EXTRACTED RECORDS:

---+---

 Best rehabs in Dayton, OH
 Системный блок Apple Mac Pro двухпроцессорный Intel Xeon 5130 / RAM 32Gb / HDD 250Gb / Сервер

---+---

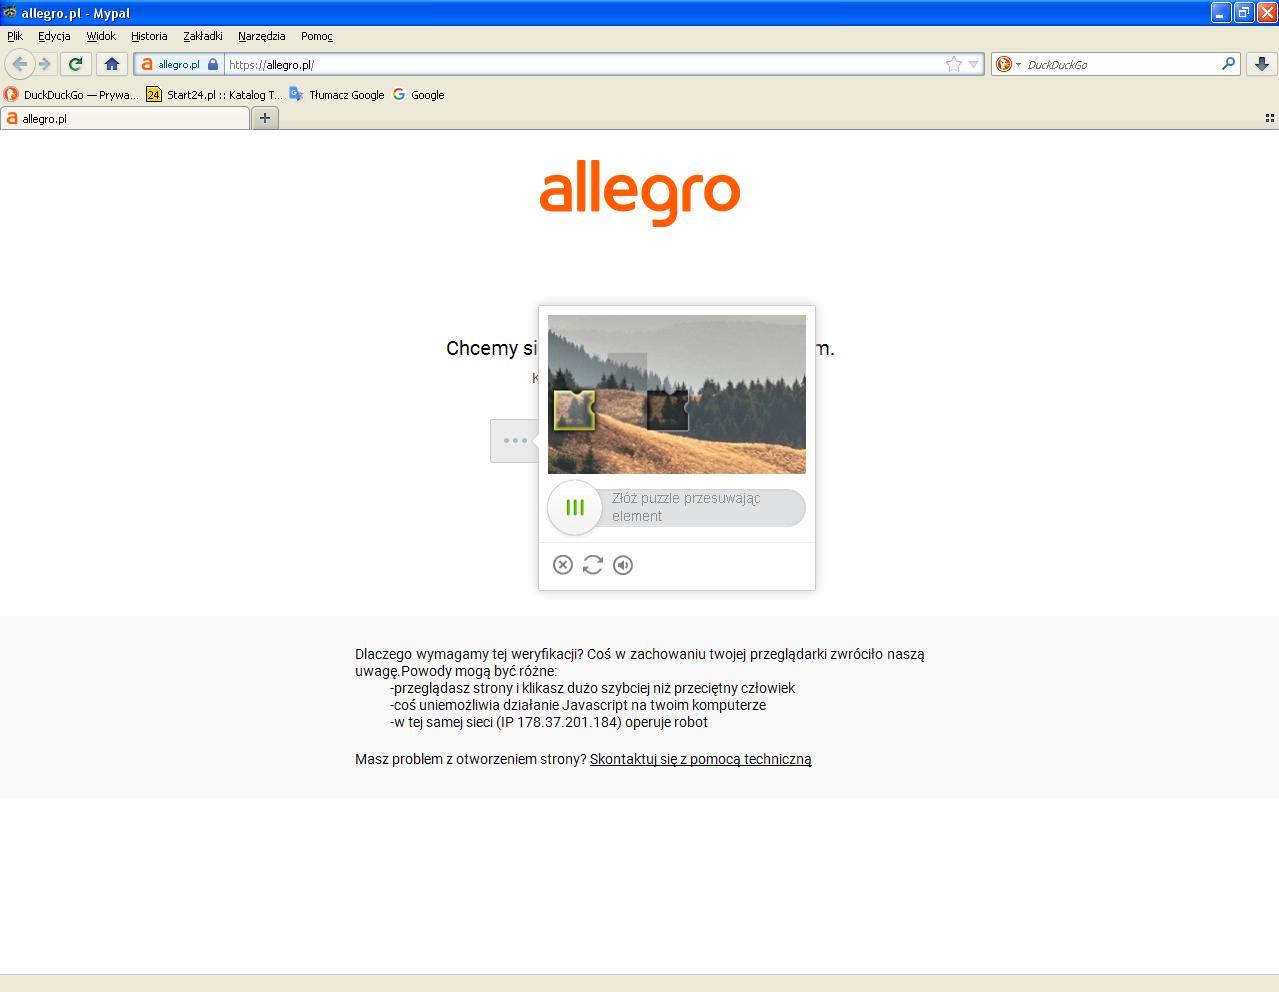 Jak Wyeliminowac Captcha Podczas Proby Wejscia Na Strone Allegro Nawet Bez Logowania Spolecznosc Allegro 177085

---+---

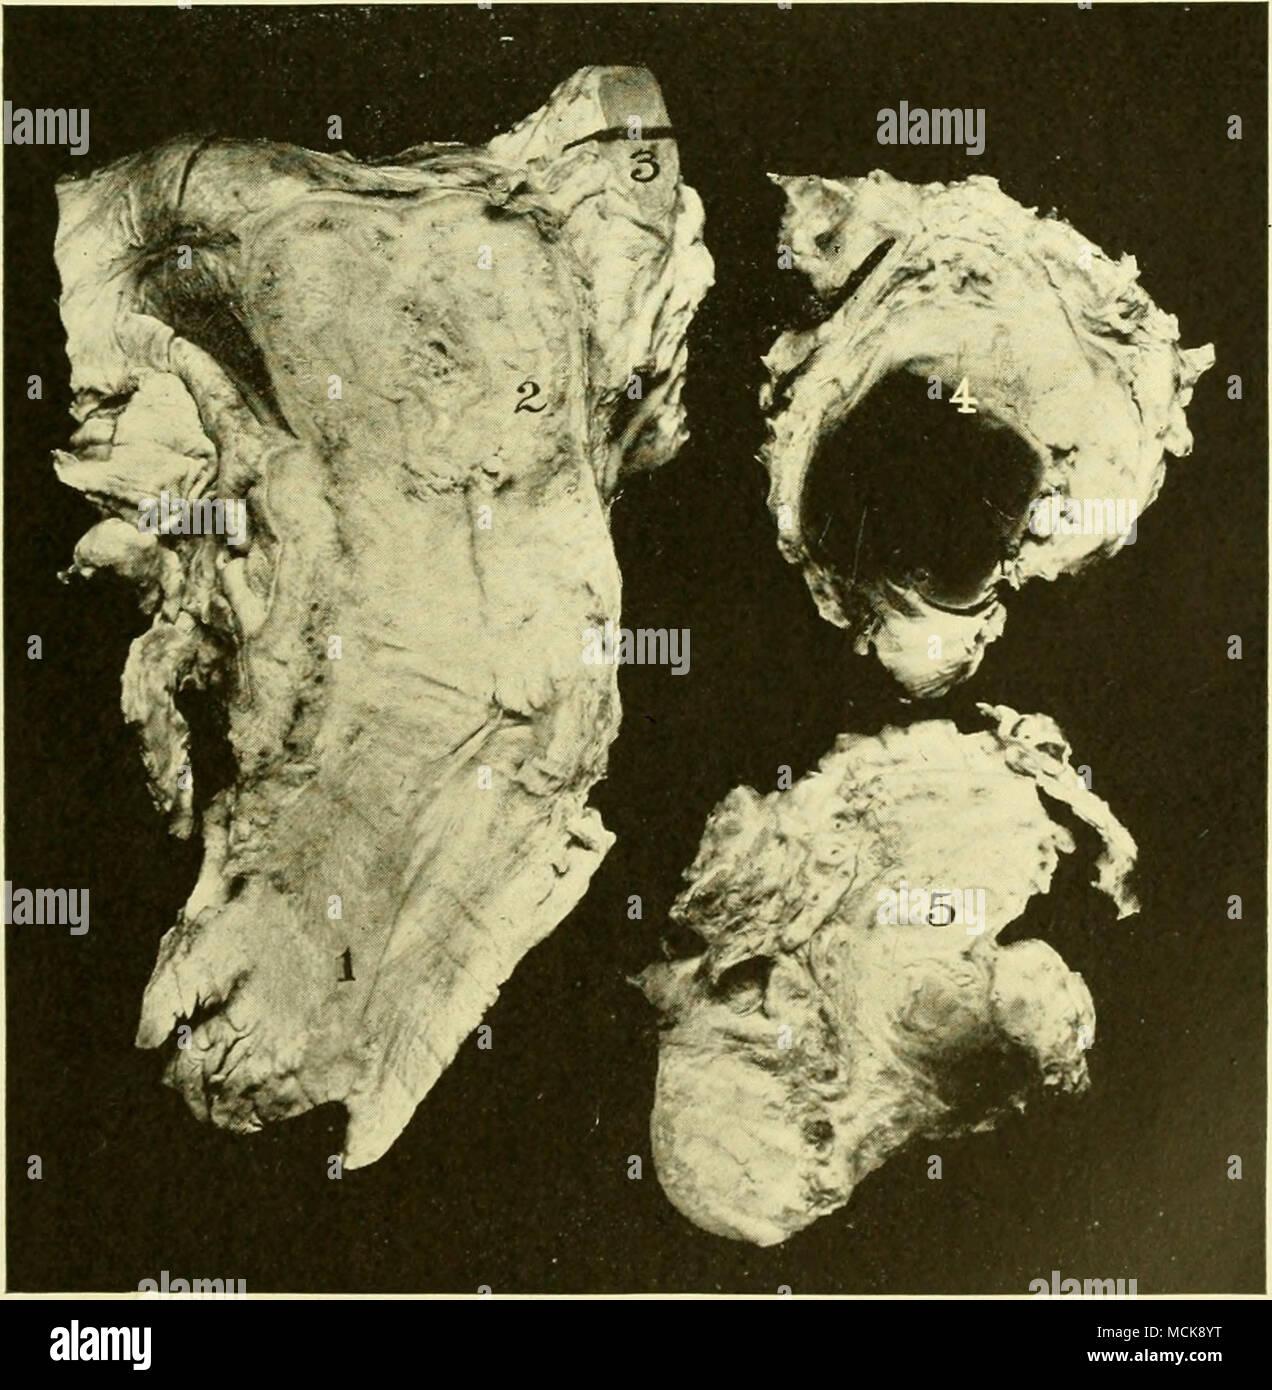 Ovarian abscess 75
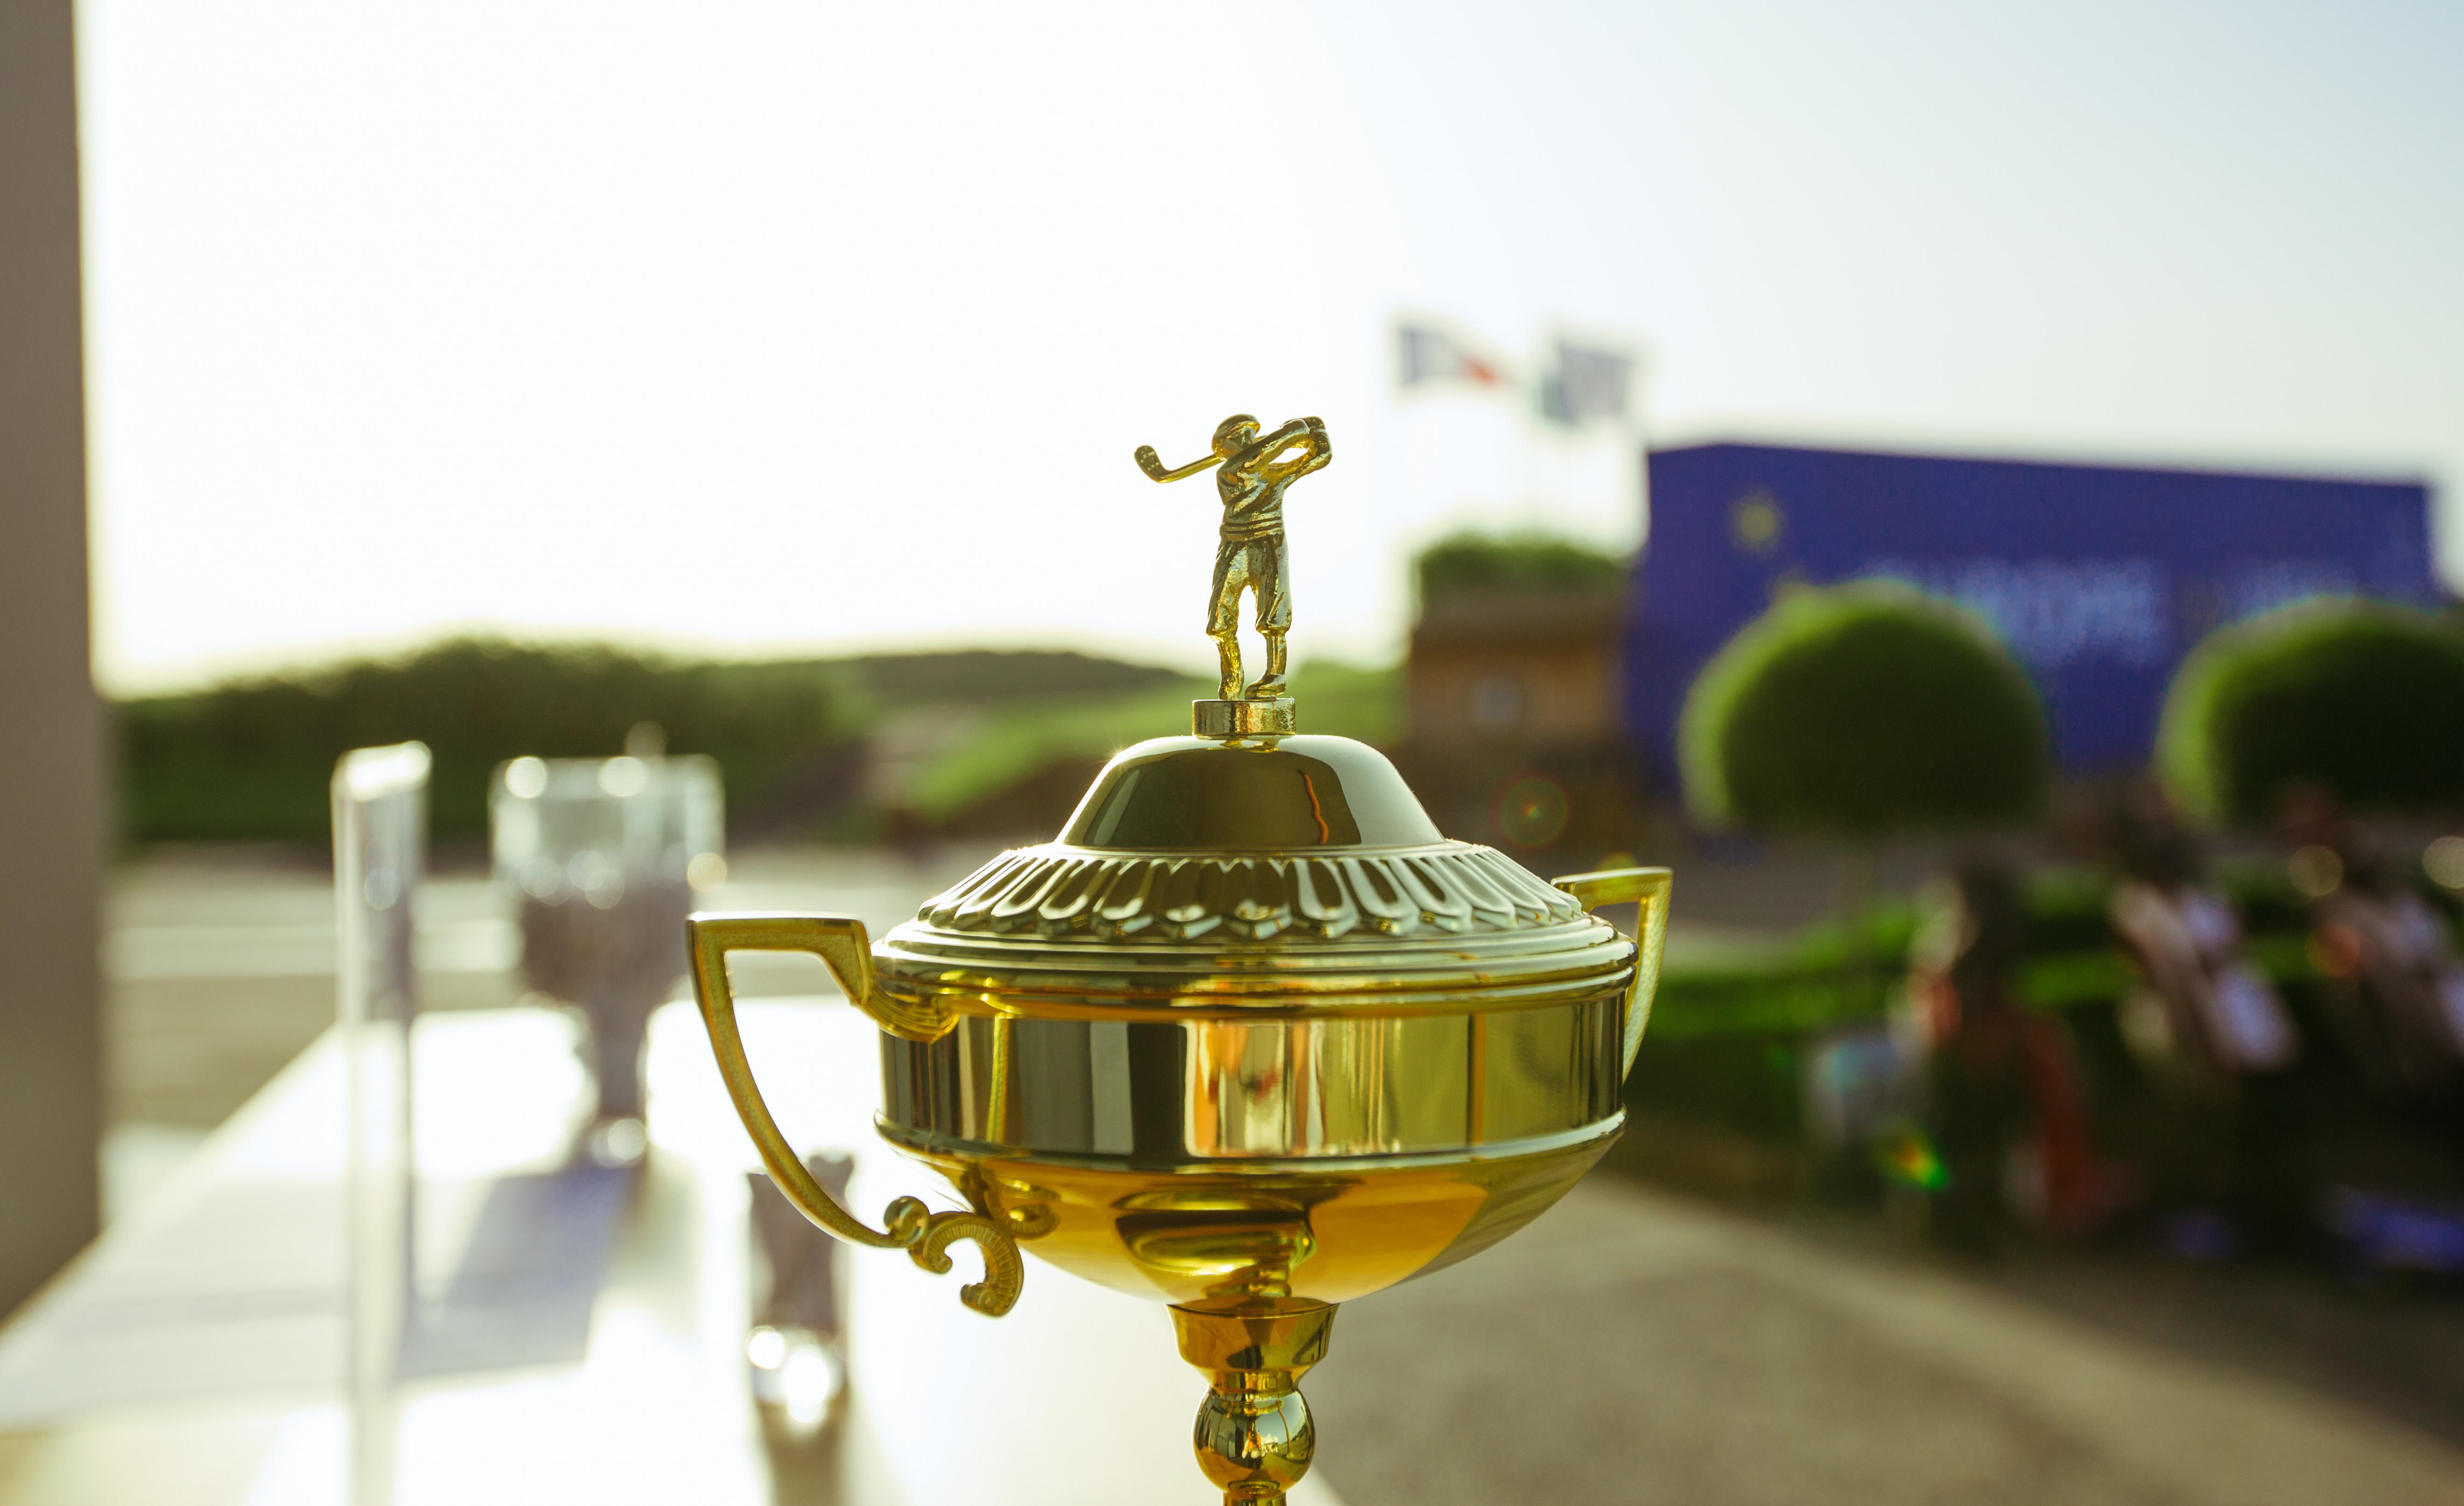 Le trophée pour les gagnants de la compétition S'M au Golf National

---+---

AIM OF THE EXERCISE: The line above containing "Best rehabs in Dayton, OH", the line containing "Системный блок Apple", and every line between them are to be transcribed exactly; no other line is wanted.

TASK RESPONSE:
 Best rehabs in Dayton, OH
 Системный блок Apple Mac Pro двухпроцессорный Intel Xeon 5130 / RAM 32Gb / HDD 250Gb / Сервер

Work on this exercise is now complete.